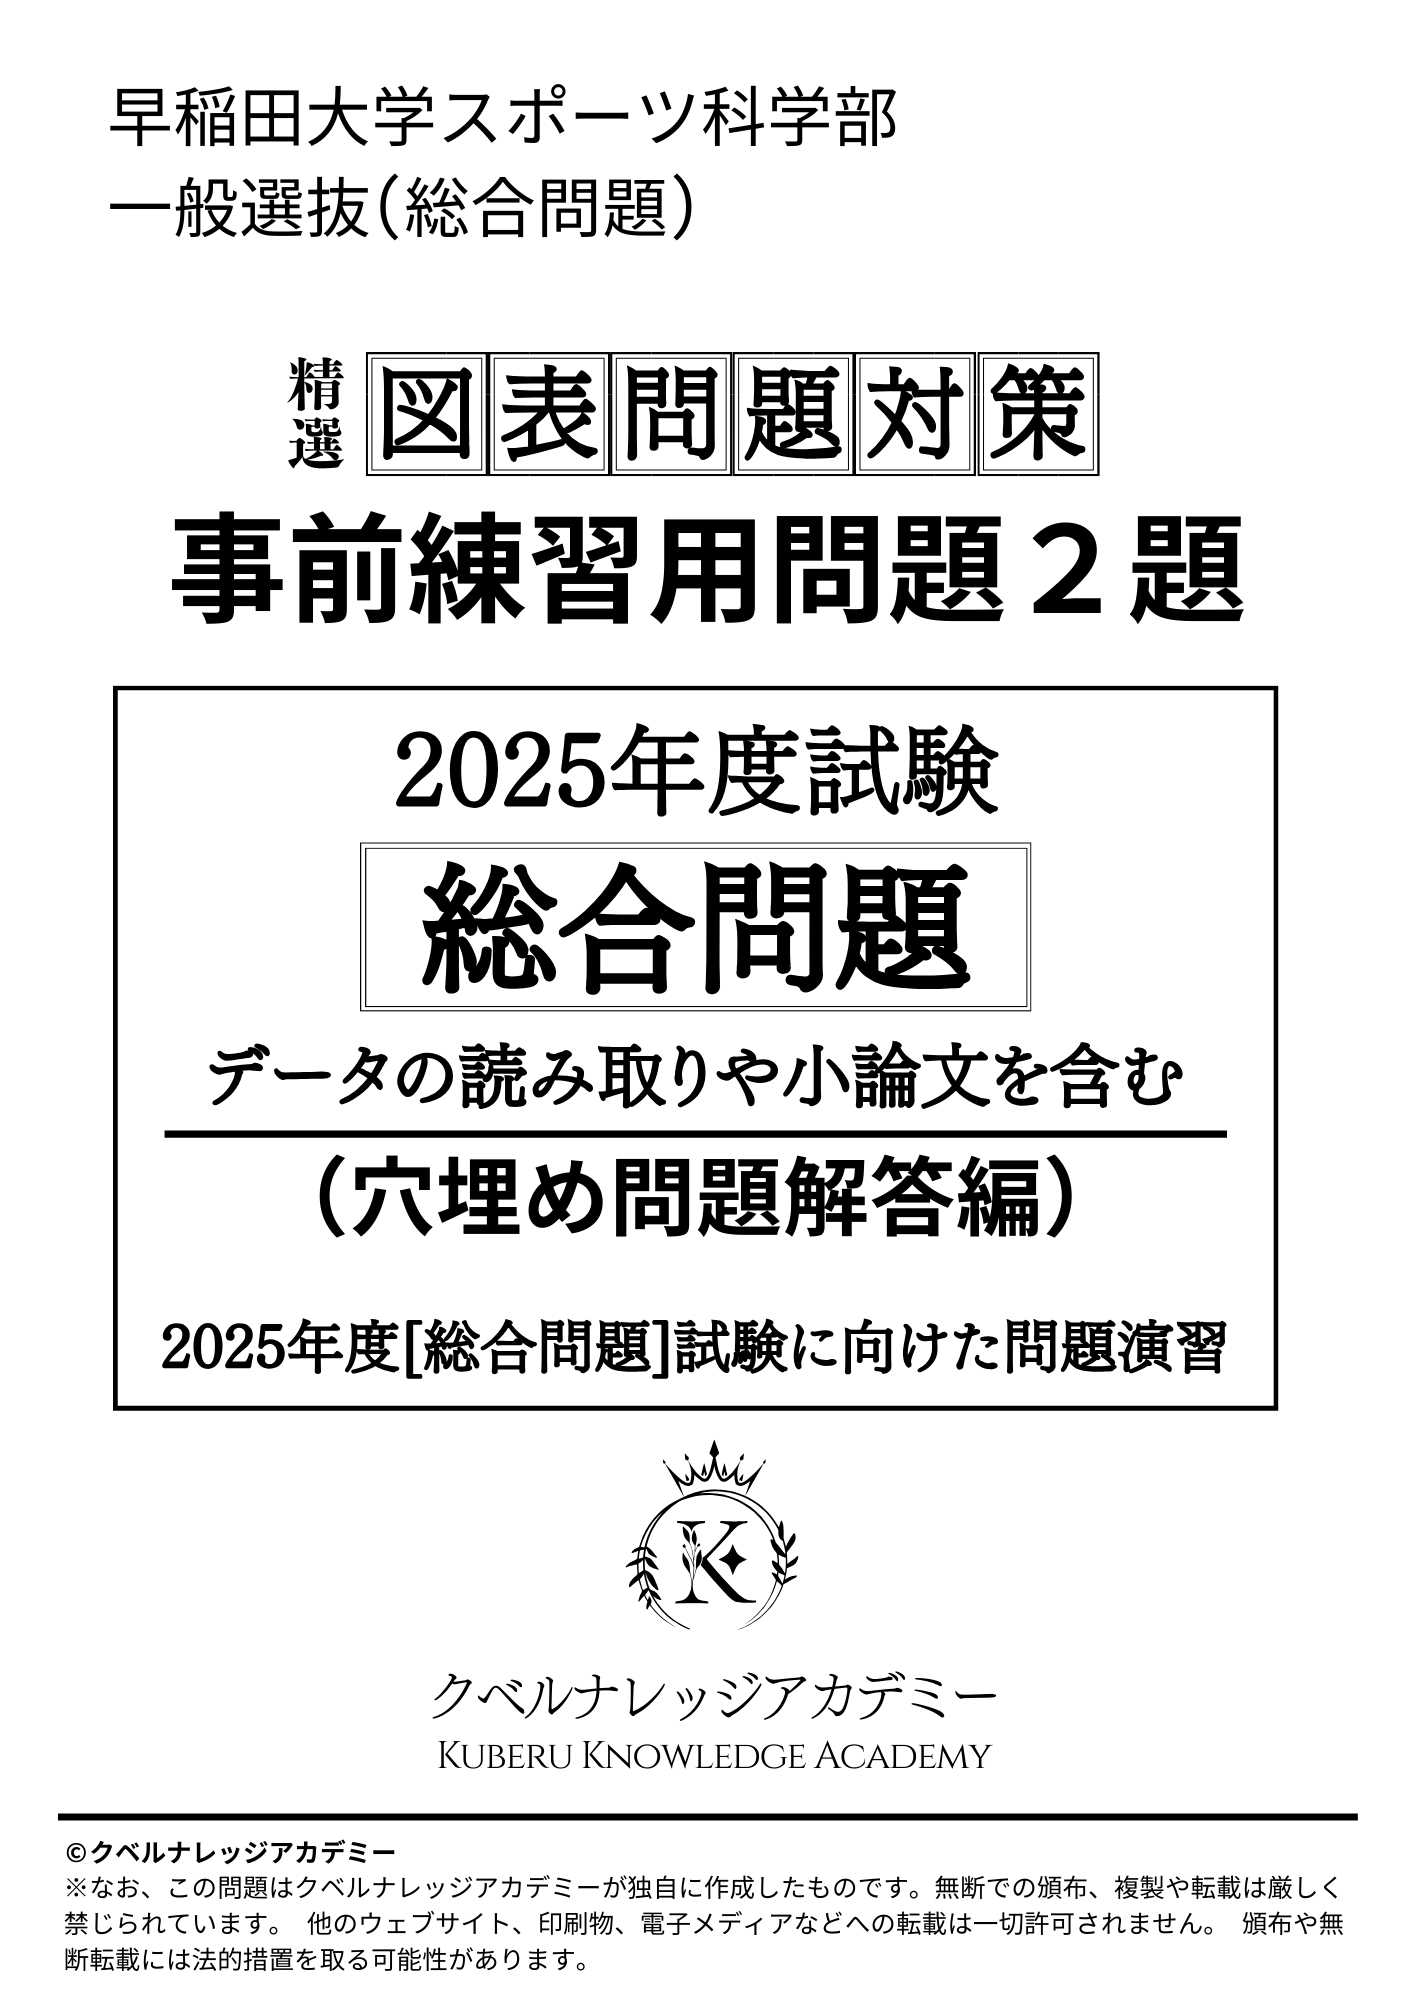 早稲田大学スポーツ科学部】2023/2024年度 小論文正答例(一般選抜 
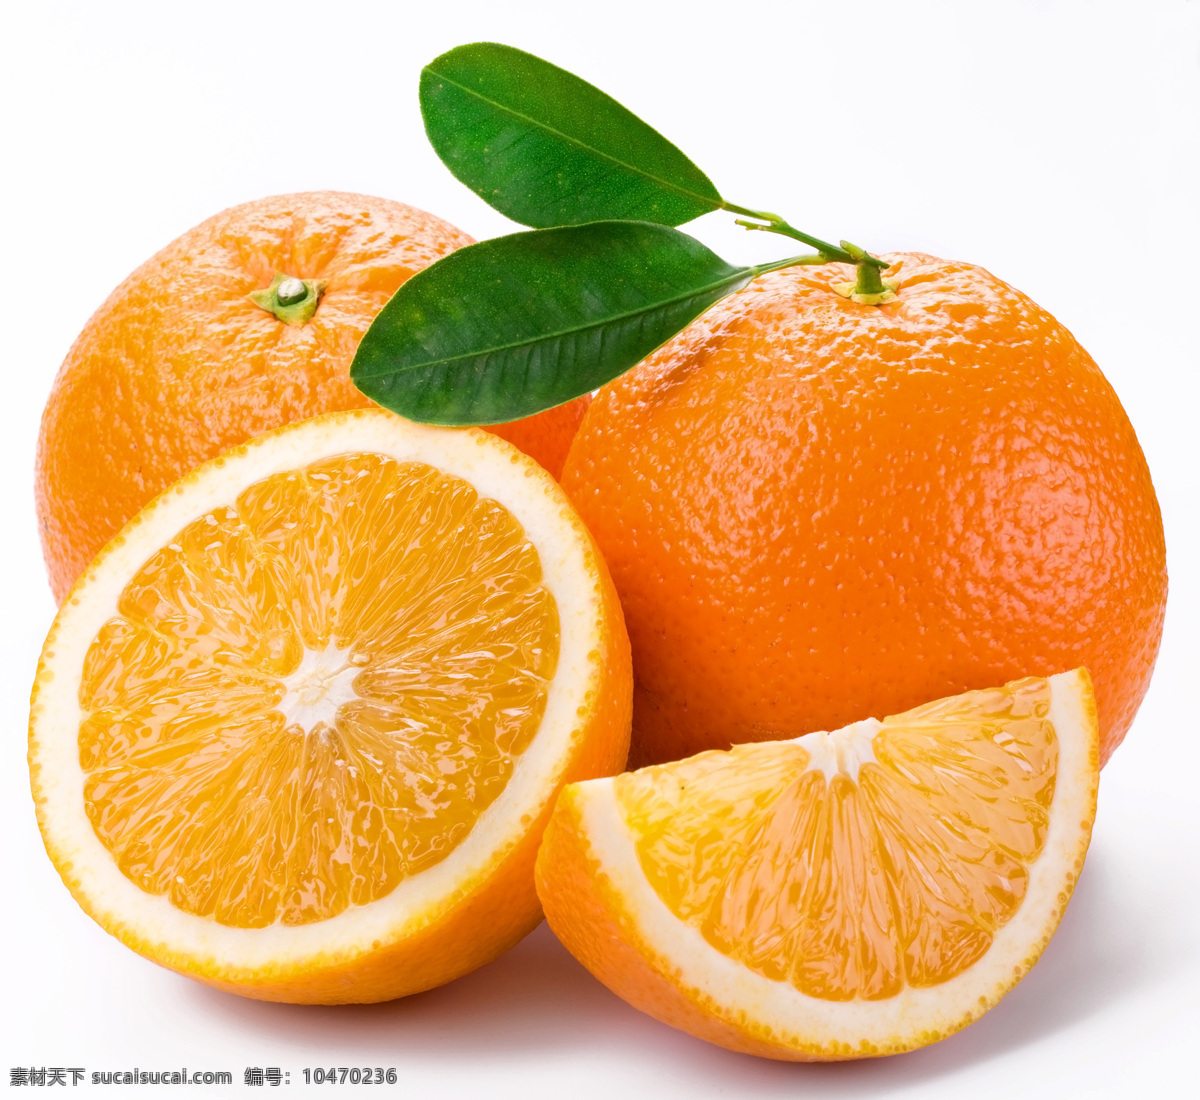 高清橙子 美味橙子 新鲜橙子 橙子新鲜 水果 进口橙子 一堆橙子 橘子 桔子 甜橙 切开的橙子 生物世界
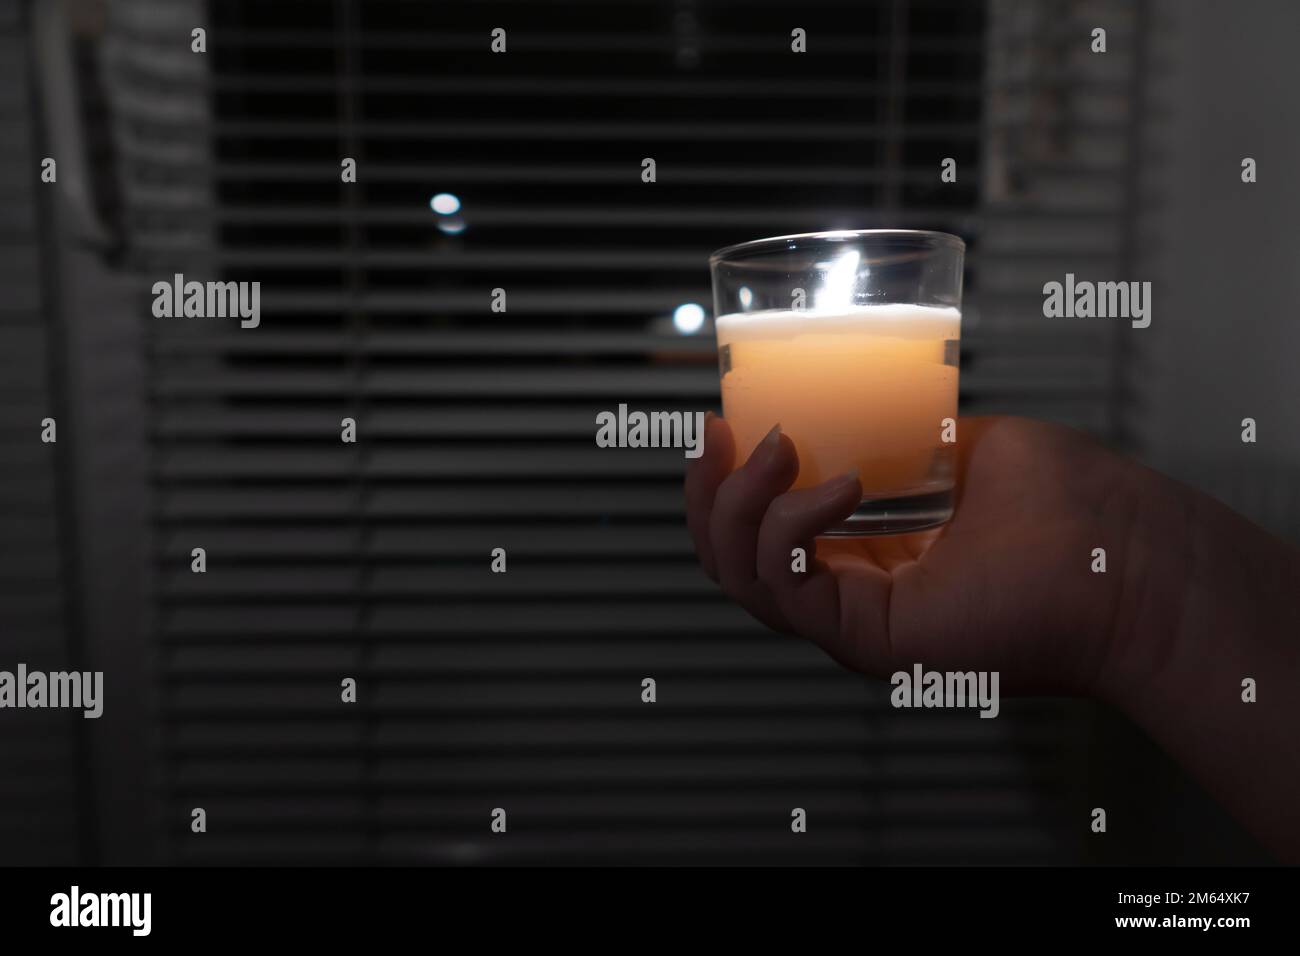 La niña sostiene una vela en un vaso en su mano contra el fondo de una ventana con persianas (primer plano). Interrupción. Crisis energética Foto de stock

□ □ □ □

:: YOUR TASK ::
Retype word for word all the material given above, and keep the pictures out.

:: RESULT ::
 早稲田大学スポーツ科学部】2023/2024年度 小論文正答例(一般選抜 
 高清橙子 美味橙子 新鲜橙子 橙子新鲜 水果 进口橙子 一堆橙子 橘子 桔子 甜橙 切开的橙子 生物世界
 La niña sostiene una vela en un vaso en su mano contra el fondo de una ventana con persianas (primer plano). Interrupción. Crisis energética Foto de stock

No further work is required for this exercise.